II. The Conflict of the mighty Worker, 2: 12—8: 26. In connection with the feast of Levi, the fact that the apostles did not fast, and that they plucked ears of corn on the sabbath, Jesus gives the Pharisees instruction regarding the purpose of his coming, and the moral character of the requirements of his Kingdom, 2:13—3: 8. The healing of the man with the withered hand leads to the enmity of Pharisees and Herodians, which caused the withdrawal of Jesus. The Lord now chose twelve apostles and continued his mighty works, so that even his friends and relatives sought to restrain him, and his enemies claimed that He did them through the power of the devil, 3: 9-35. Next we find him teaching the people regarding the origin, the quiet growth, independent of mans efforts, and the future strength of the Kingdom of God, 4:1-34. His divine power shines forth in his calming the sea, his curing the demoniacs in the land of the Gadarenes and the woman that had the issue of blood, and his raising the daughter of Jairus, 4: 36—5 : 43. He finds no faith at Nazareth, and now sends out the twelve into the cities of Galilee, 6:1-13. Herod, hearing of Christ, stands in awe of him, believing him to be John the Baptist, whom he beheaded, 6:14-29. Withdrawing with the twelve to a desert place, He feeds the five thousand, and after that shows his power over nature by walking on the sea, 6: 30-56. The Pharisees accost him, because his disciples eat bread with unclean hands, 7:1-23. He now cures the daughter of the Syro-Phoenician woman and the deaf and dumb man at Decapolis, where He also feeds the four thousand, 7: 24-8: 9. Once more the Pharisees ask him for a sign.
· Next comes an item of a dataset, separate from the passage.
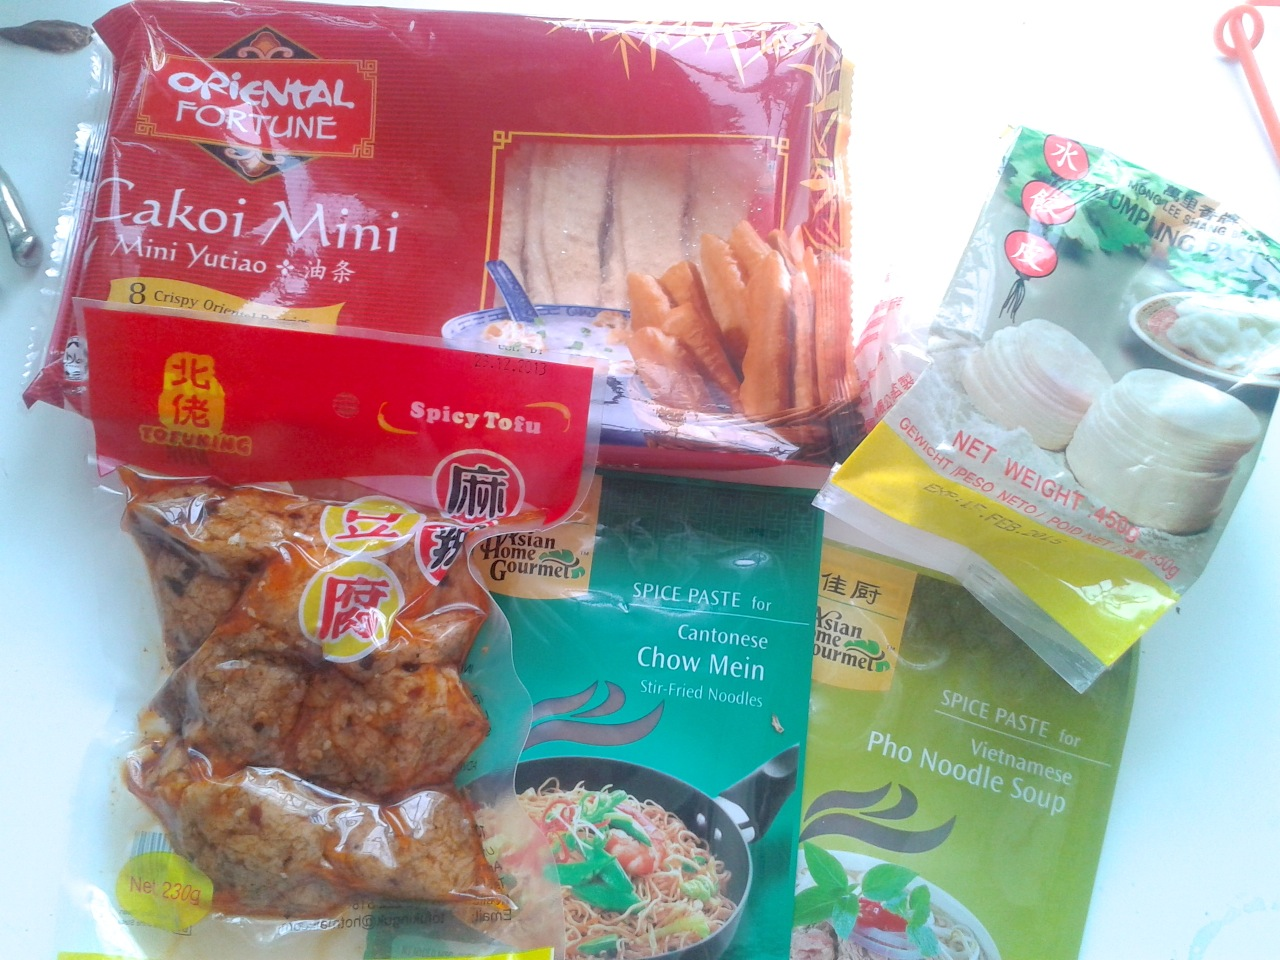 http://fatgayvegan.com/wp-content/uploads/2013/12/groceries.jpg

Leaving them, He restores the sight of the blind man at Bethsaida, 8:10-26.
III. The Claim of the mighty Worker, 8: 27—13: 37. The Lord shows the necessity of his suffering, leads his disciples to confess him as Messiah, and points out what is required of them, 8:27-38. His power and glory are seen in the transfiguration and in the miracle following this, 9:1-29. Then follows a second revelation of his future suffering, followed by teachings regarding humility and offenses, 9: 30-50. In Perea Christ, tempted by the Pharisees, gives his opinion on the question of divorce; then He blesses little children and points out the way of life to the young ruler, 10:1-31. For the third time He reveals his future suffering, and prepares his disciples for a life of service, 10: 32-45. At Jericho He restores the sight of Bar-timeus. Next he enters Jerusalem amid loud hosannas, curses the fig-tree and cleanses the temple, 10: 46—11: 26. In the temple He reveals his superiority by answering the questions of Pharisees, Sadducees and Herodians, and points to himself as Davids Lord, 11: 27—12: 44. Then he speaks of his coming in glory, 13.
IV. The Sacrifice of the mighty Worker, 14:1—15 : 47. Preparation is made for Jesus death by the Sanhedrin and Judas on the one hand, and by Mary of Bethany on the other, 14:1-11. The passover is eaten and the Lords supper instituted, 14:12-25: In Gethsemane follows bitter agony and captivity, 14: 26-52. Then the Lord is tried and condemned by the Sanhedrin and by Pilate, and finally He is crucified, 14: 53—15 : 47.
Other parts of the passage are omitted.